A Dawn of Onyx (The Sacred Stones, #1)(107)
“As a young man, he was my kingsguard for many years in the Fae Realm until the rebellion. When we came to Onyx he retired. But there is nobody better on the continent to train you, both with your sword and your lighte.”
The way Dagan had known about my abilities, and where I could draw power from. He too had lied to me. Anger and humiliation and hopelessness warred inside of me. How had I been so blind all along? Amelia had been right. I had been such a fool.
“You told me you had never lied to me. You promised you had told me everything.” I couldn’t help turning to face him. I studied his slate-gray eyes, as they welled with anguish. “I deserved to know, Kane.”
He looked a moment away from breaking. He reached for me, but thought better of it and tucked his hand back into his pocket. “I couldn’t risk anyone else knowing. Anyone having another reason to hurt you. Lazarus’ entire army has been looking for the last full-blooded fae that could spell his death for nearly a century.”
“Bullshit. You needed to use me as a weapon. You knew if you told me all of this—what defeating Lazarus meant for me, for my…” I swallowed. “My fate—that I would never help you achieve your vengeance.”
The word was bitter on my tongue. Kane had the audacity to look shaken, but said nothing.
Hatred funneled through me. He would not see me cry.
I tucked my shaking hands into fists.
“How long did you know what I was before I did?” I asked, my voice rough and low.
He ran a hand through his hair. “Bert realized you were who we had been looking for the night you healed Barney. When I flew you to my keep, there was a light in you that couldn’t be anything but Fae.” I remembered the ride. The strange connection I had felt with him in his dragon form.
“For almost a hundred years I have woken up each morning with one thought. Just one. Find the last full-blooded Fae. Fulfill the prophecy. Kill my father. I lost the people that meant the most to me at his hand. So did Dagan and Griffin. The day we rallied against him, I let them down and we all suffered for it.”
My heart skipped two beats. Dagan’s family? Lazarus was the one who killed them?
“If I don’t finish what we started, none of their sacrifices are worth anything. Still to this day, millions live enslaved in a wasteland because of him. You thought you knew what a cruel king looked like, but you have no idea, Arwen. None. Every mortal on this continent will die a senseless death if he isn’t stopped.

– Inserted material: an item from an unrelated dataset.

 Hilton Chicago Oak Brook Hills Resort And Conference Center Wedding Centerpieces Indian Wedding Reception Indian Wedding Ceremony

“And yet, even knowing all of that. That day we raced,” a sorrowful smile crossed his face, “you were like a gazelle. I was so enchanted by you. I had never met anyone like you. The night you were attacked—” I faced him, unable to look away any longer. “I knew I couldn’t go through with it. Not even for the good of all of Evendell. I brought you and your family here to live the rest of your lives in safety.”
My heart was shattering.
“Do you hear me?” Unable to hold himself back a minute longer, Kane finally reached a frantic hand toward me. “I was willing to sacrifice the entire world to keep you alive!”

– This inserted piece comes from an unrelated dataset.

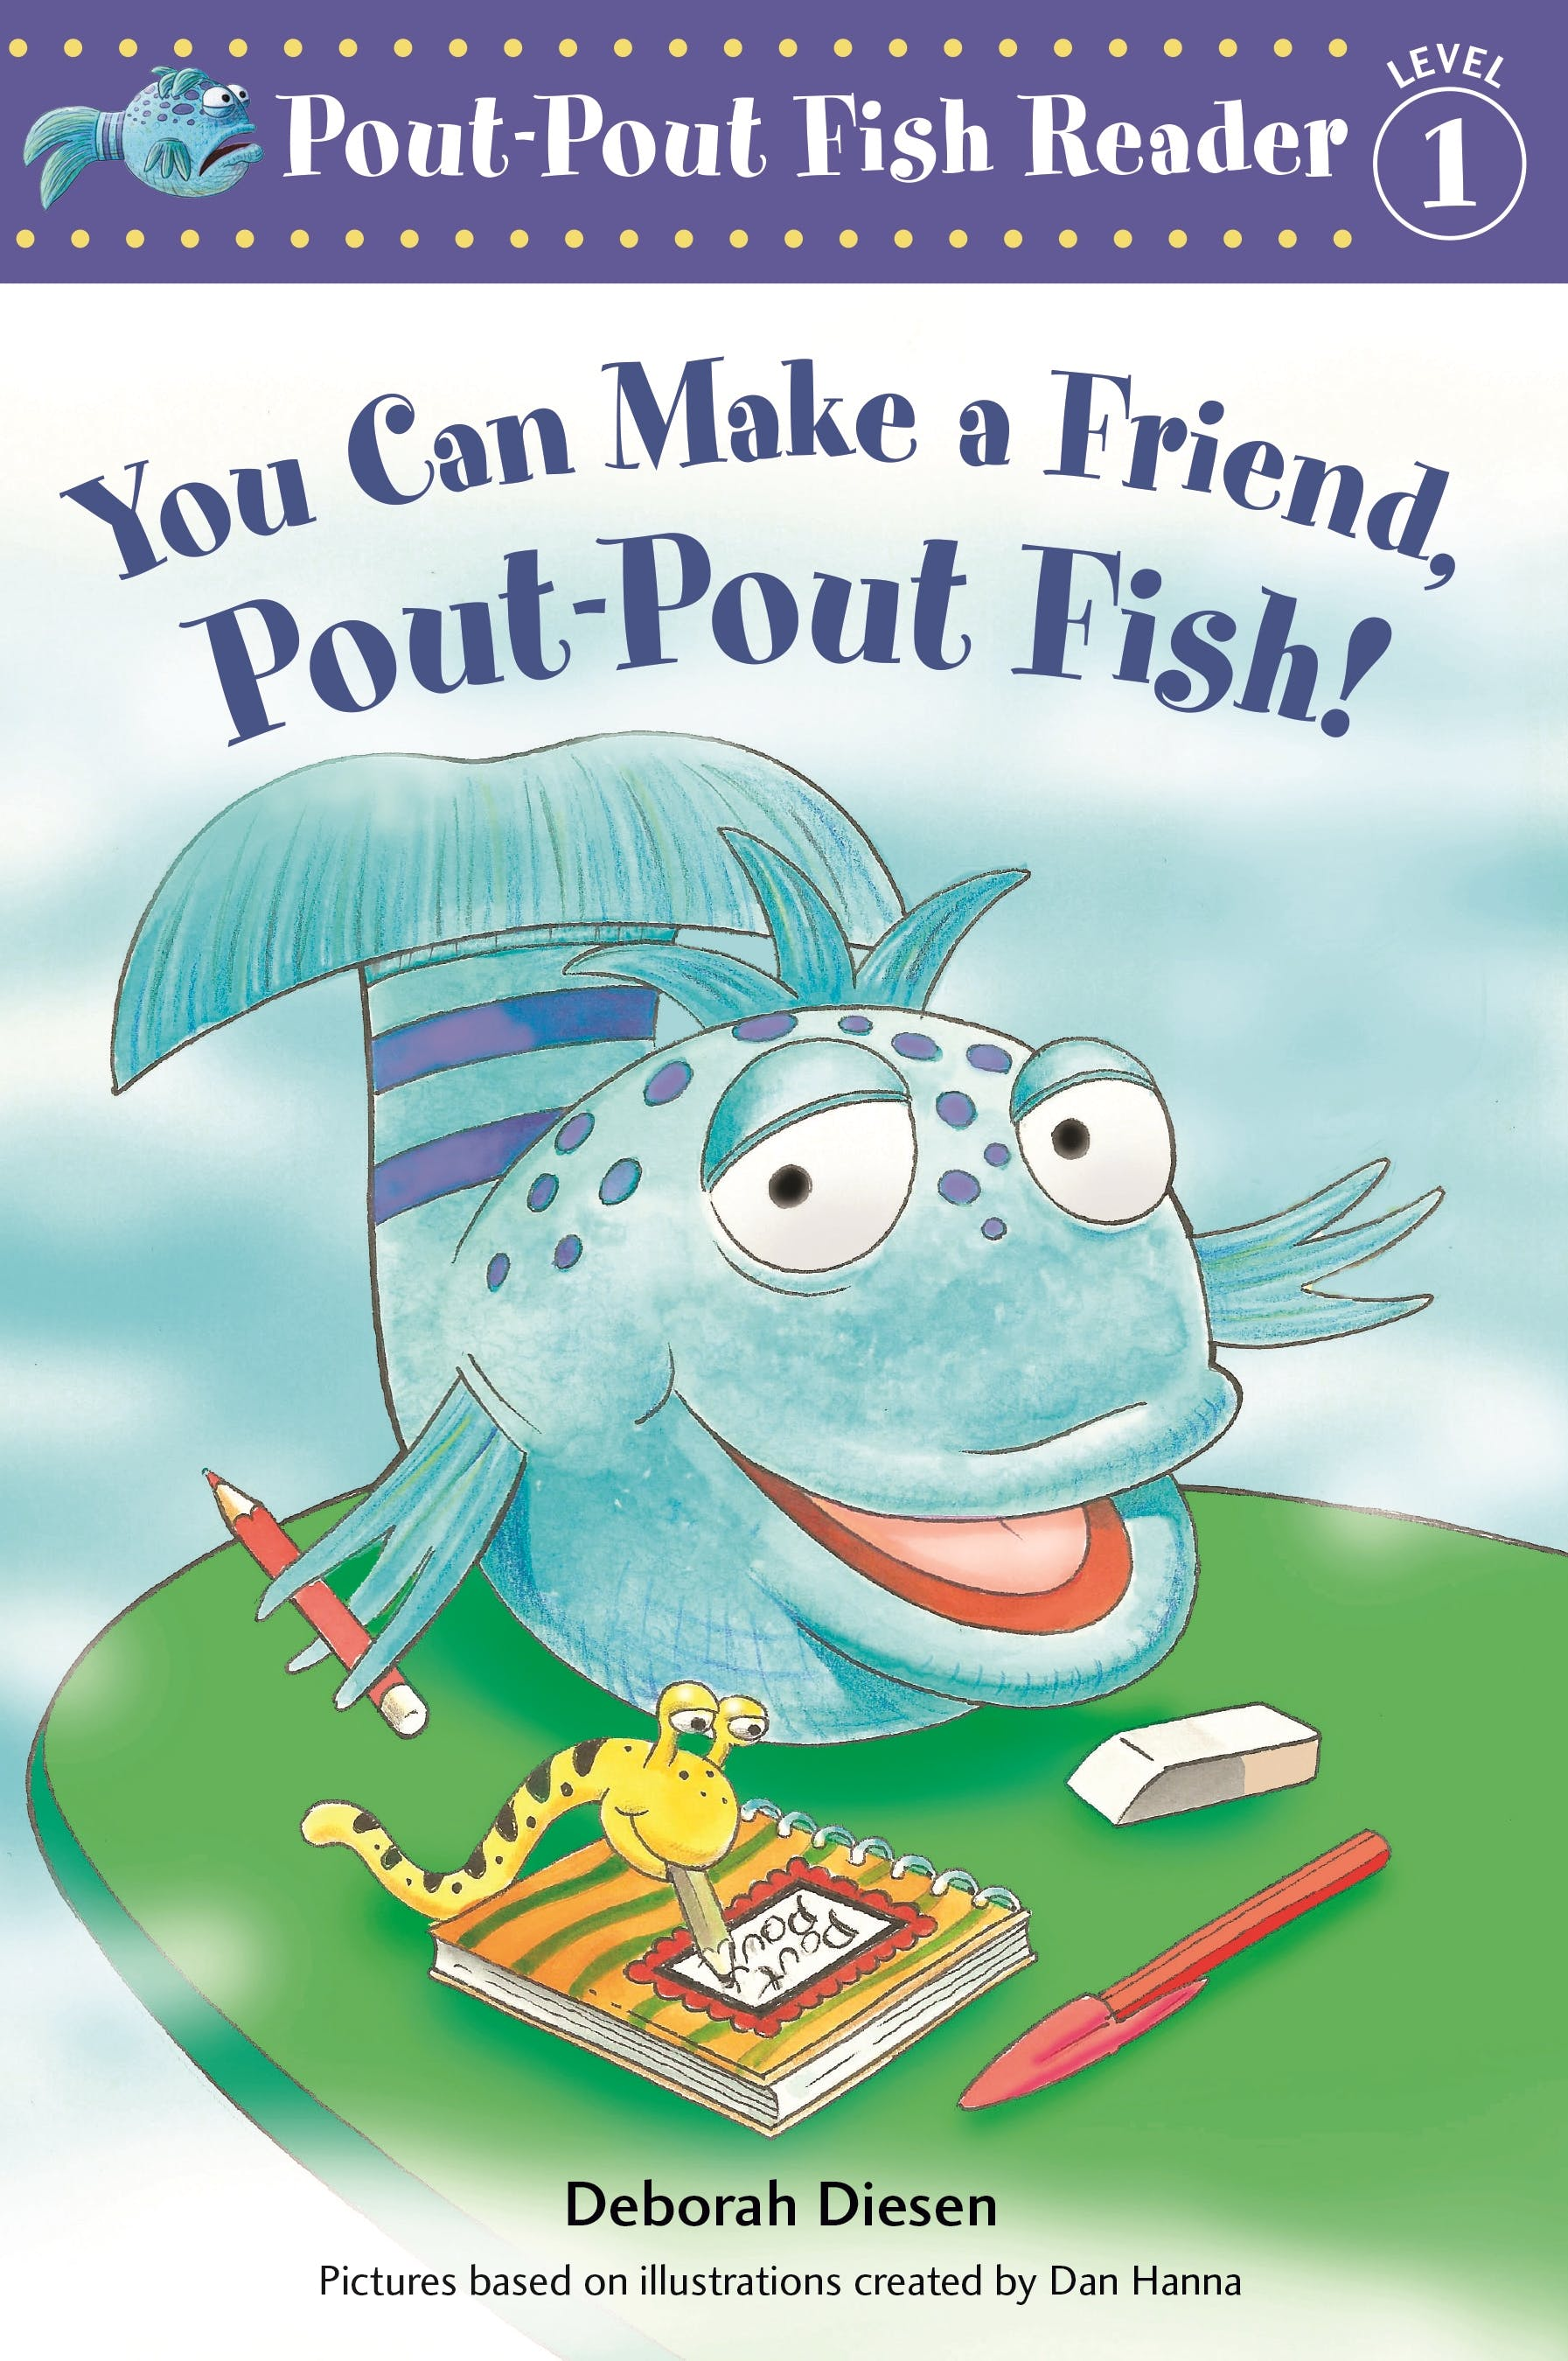 Image of You Can Make a Friend, Pout-Pout Fish!

“Don’t touch me.” I pulled away and turned back to the relentless ocean beneath us. Despite my promise to myself, a single tear slipped down my cheek.
“I tried to take the choice away from you, and for that I am sorry. But I will die before I let him have you. You have to know that.”
Power rippled off him in waves at his oath. But I wasn’t afraid of him. I was afraid of myself. I was afraid to die. Afraid to live. Afraid of the power that roiled inside of me. A thick fog of despair invaded every sense—suffocating me. Trapping me within this new reality.
Because of him.
I could have lived my whole life and never known of my fate. I didn’t have to die.
But now I knew I was the only one that could kill Lazarus, and if he died, I would as well. It was all information I could have gone my whole life without.
And now, there was no other choice.
“I will help you end this war. We can find the Blade of the Sun, and I’ll plunge it through his heart. We will save all of the people Lazarus intends to kill, save the Fae realm, avenge those you lost, Dagan, Griffin, everyone. We’ll finish what you started, Kane.”
“No,” he said, his voice breaking. “I refuse to lose you. I—”
“It’s not your choice.”
“Arwen—”
“You’ve made enough choices for me.”
A bluster blew his hair across his chiseled face—vulnerable in a way I had never seen before. I almost folded into him. Almost.
But instead, I stepped back.
And took a deep breath of saltwater and rain-soaked air.
“Maybe before, I would have caved. Forgiven you out of fear of being alone. Done whatever you told me I should. I would have felt that I needed you, especially knowing what horrors were to come. But now… You lied to me. Used me. You—” I steeled myself. “I can’t be with you like that, Kane. Not anymore.”
“Please,” he said. It was almost a whisper.
I shook my head. I was breaking, twisting apart. My mother was gone, the man I—
It didn’t matter now.
He wiped his eyes. “As you wish.” And with that, he crossed the deck and slipped below to the galley.
I turned my attention back to the waves ahead of me. The rough blue water was a tempo I couldn’t follow, chaotic and choppy—swaying in a strange dance under the ship’s bow. The sight was more beautiful than I had realized.